# [Wet Thumb Forum]-Green Dust algae problem



## Guest (Jun 15, 2003)

Ok first some tank stats;

40gal
6X30 watt NO Flourescents
35ppm CO2
KH 4.5
pH 6.6

Plants : 80% glosso 2 large green lotus.

Ferts: 
1/4 tsp K2SO4 1X week
1/4 tsp KNO3 2X week
1/4 tsp Epsom Salts 1X week
1/2 tsp EDTA Fe 2X week
Flourish 7mls 2X week
Now the PO4, I've tried 4 drops 2X week and I had green dust come backs every 3-4th day after water change, since reading on a post about GD on this board I learnt that 1ml of fleet gives approx. 1ppm of PO4 in a 100L so then I tried 1 1/4 mls 2X week and I get green dust coming back on the 2nd day after water change. I've tried adding it daily to reach 1ppm of PO4 but the algae just keeps coming back. I'm highly suspecting that it's to do with my PO4 but is it too many? not enough?

At every water change I turn off my filter and wipe all this stuff off and I have been doing 70-80% water changes for the past 6 weeks trying to get this stuff off. But everytime it comes back usually on the 3rd or 4th day after water change. I'm fighting a losing battle with this stuff. Someone shed some light.

Thank you for your attention

[This message was edited by Aquafreak on Sun June 15 2003 at 01:07 AM.]

[This message was edited by Aquafreak on Mon June 16 2003 at 06:02 AM.]


----------



## Guest (Jun 15, 2003)

Ok first some tank stats;

40gal
6X30 watt NO Flourescents
35ppm CO2
KH 4.5
pH 6.6

Plants : 80% glosso 2 large green lotus.

Ferts: 
1/4 tsp K2SO4 1X week
1/4 tsp KNO3 2X week
1/4 tsp Epsom Salts 1X week
1/2 tsp EDTA Fe 2X week
Flourish 7mls 2X week
Now the PO4, I've tried 4 drops 2X week and I had green dust come backs every 3-4th day after water change, since reading on a post about GD on this board I learnt that 1ml of fleet gives approx. 1ppm of PO4 in a 100L so then I tried 1 1/4 mls 2X week and I get green dust coming back on the 2nd day after water change.
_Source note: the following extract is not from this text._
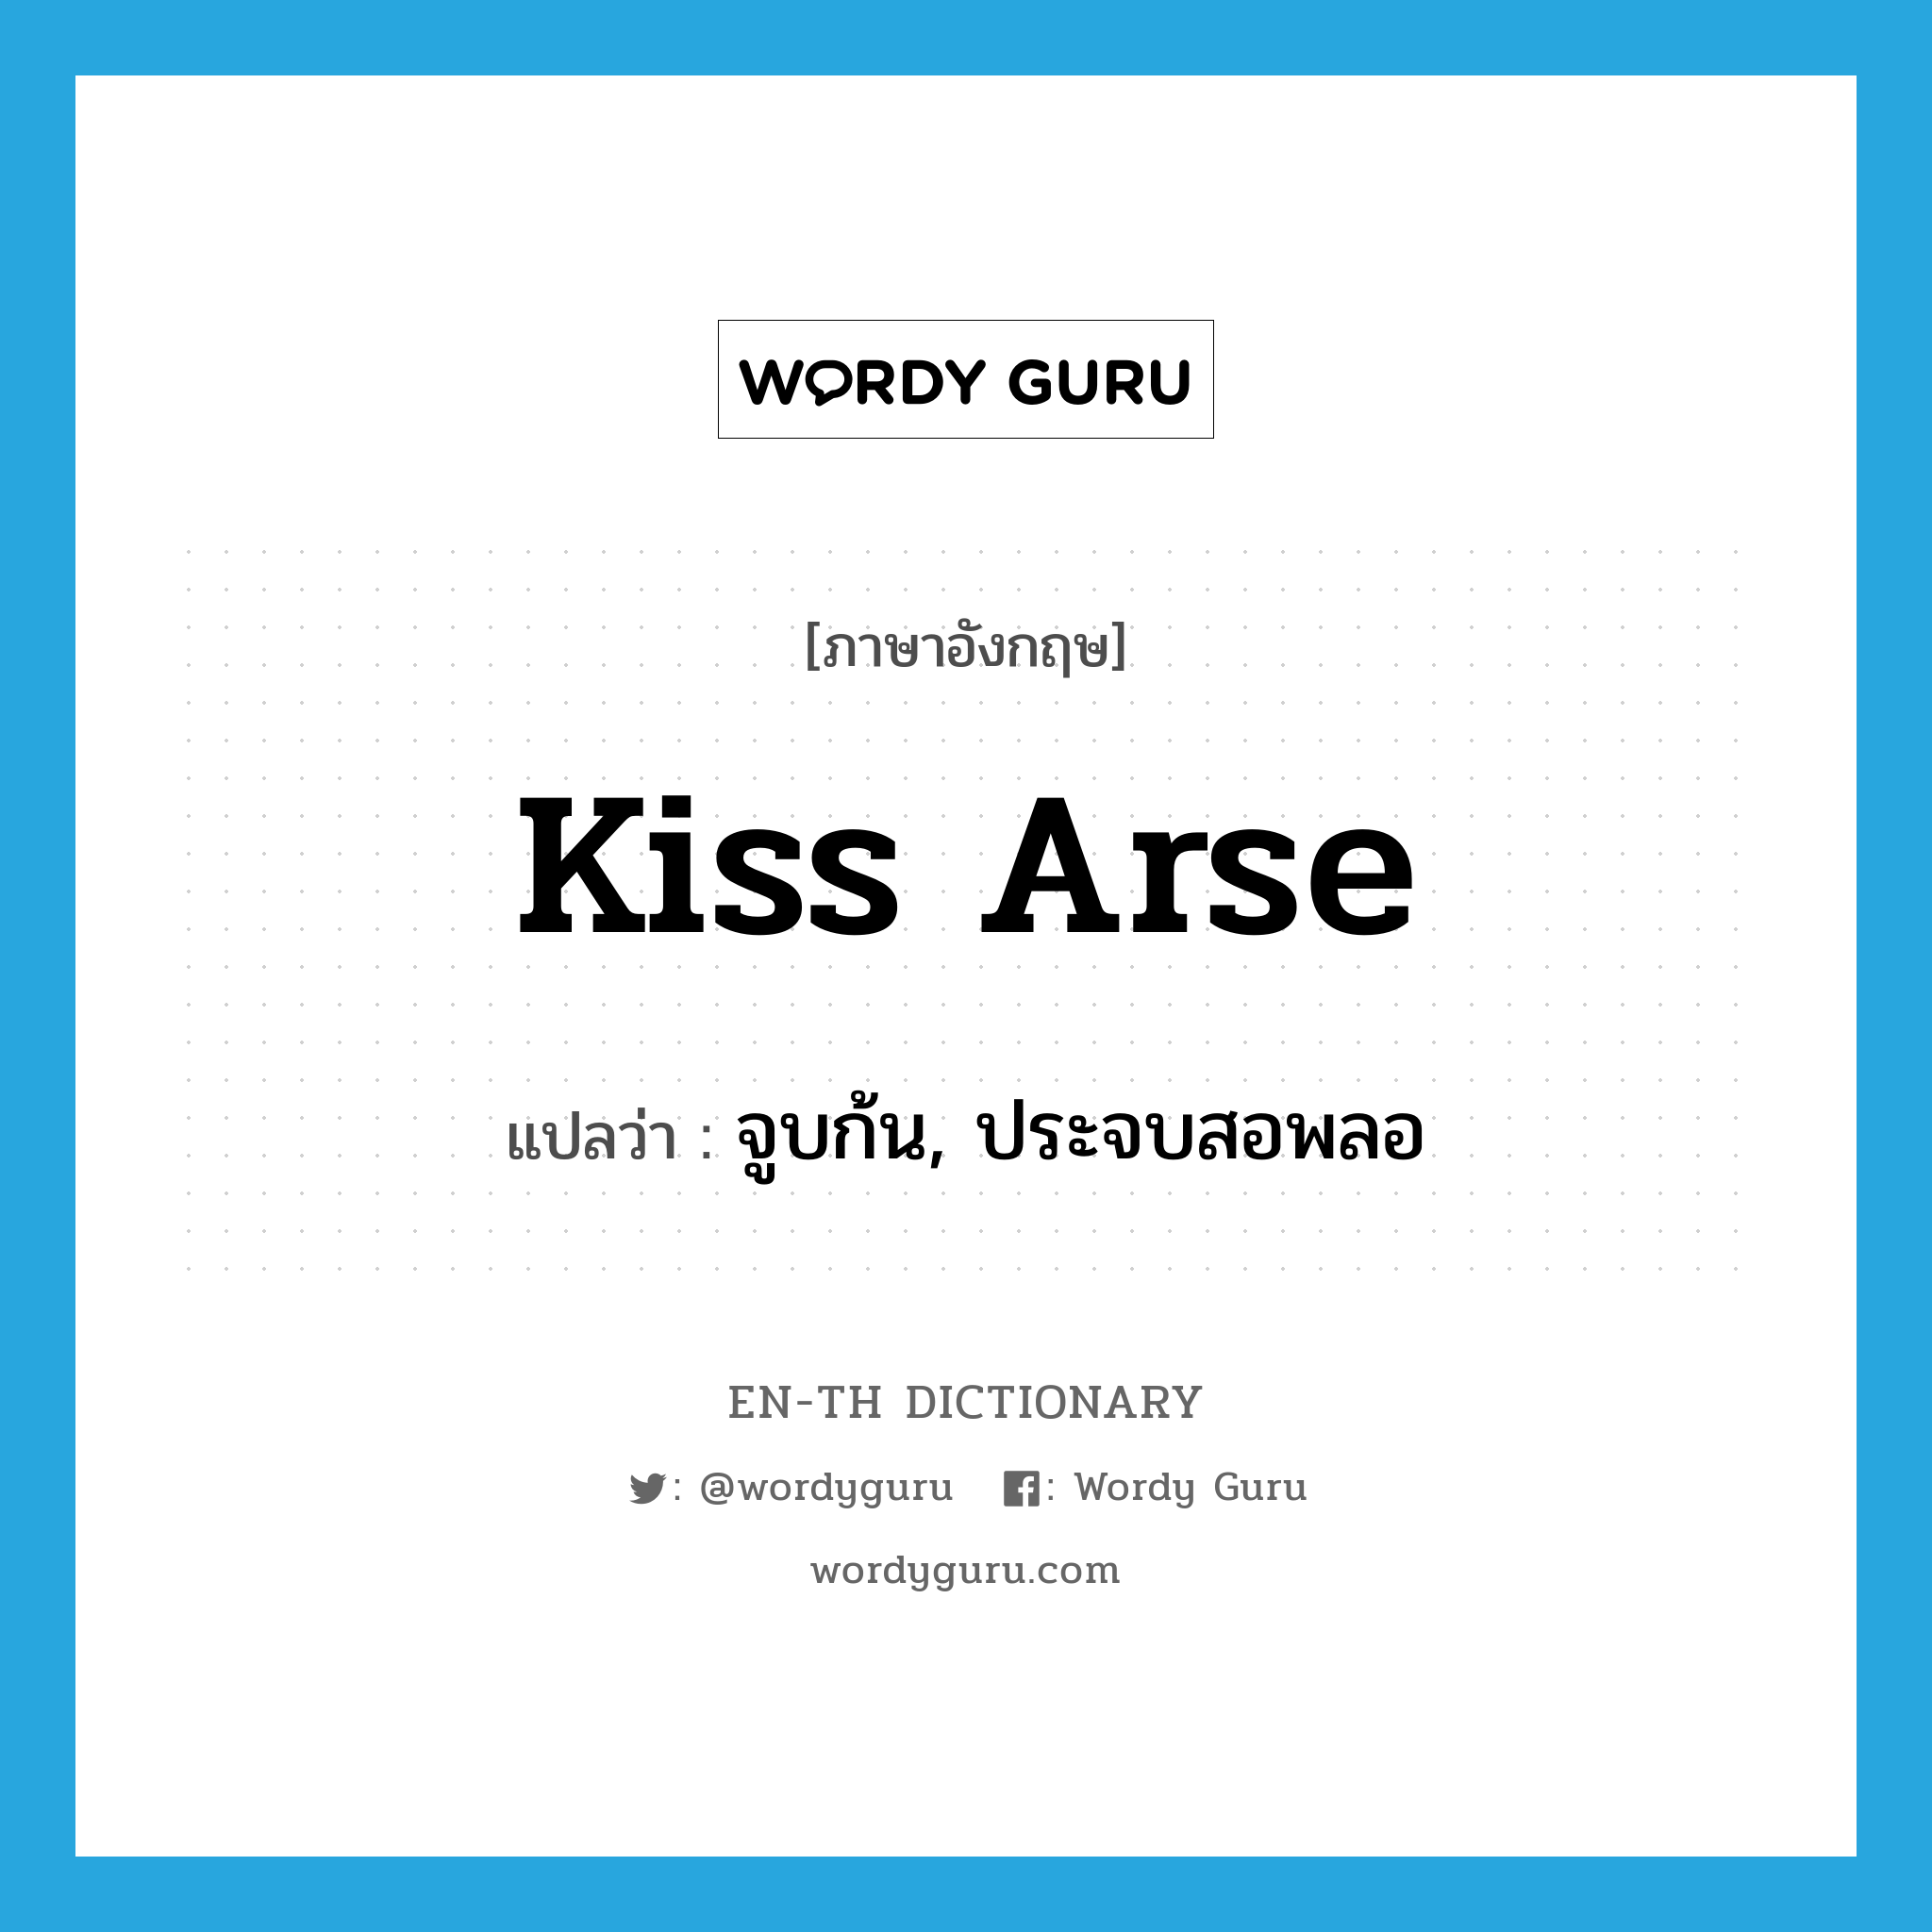 จูบก้น, ประจบสอพลอ ภาษาอังกฤษ?, คำศัพท์ภาษาอังกฤษ จูบก้น, ประจบสอพลอ แปลว่า kiss arse ประเภท SL หมวด SL

I've tried adding it daily to reach 1ppm of PO4 but the algae just keeps coming back. I'm highly suspecting that it's to do with my PO4 but is it too many? not enough?

At every water change I turn off my filter and wipe all this stuff off and I have been doing 70-80% water changes for the past 6 weeks trying to get this stuff off. But everytime it comes back usually on the 3rd or 4th day after water change. I'm fighting a losing battle with this stuff. Someone shed some light.

Thank you for your attention

[This message was edited by Aquafreak on Sun June 15 2003 at 01:07 AM.]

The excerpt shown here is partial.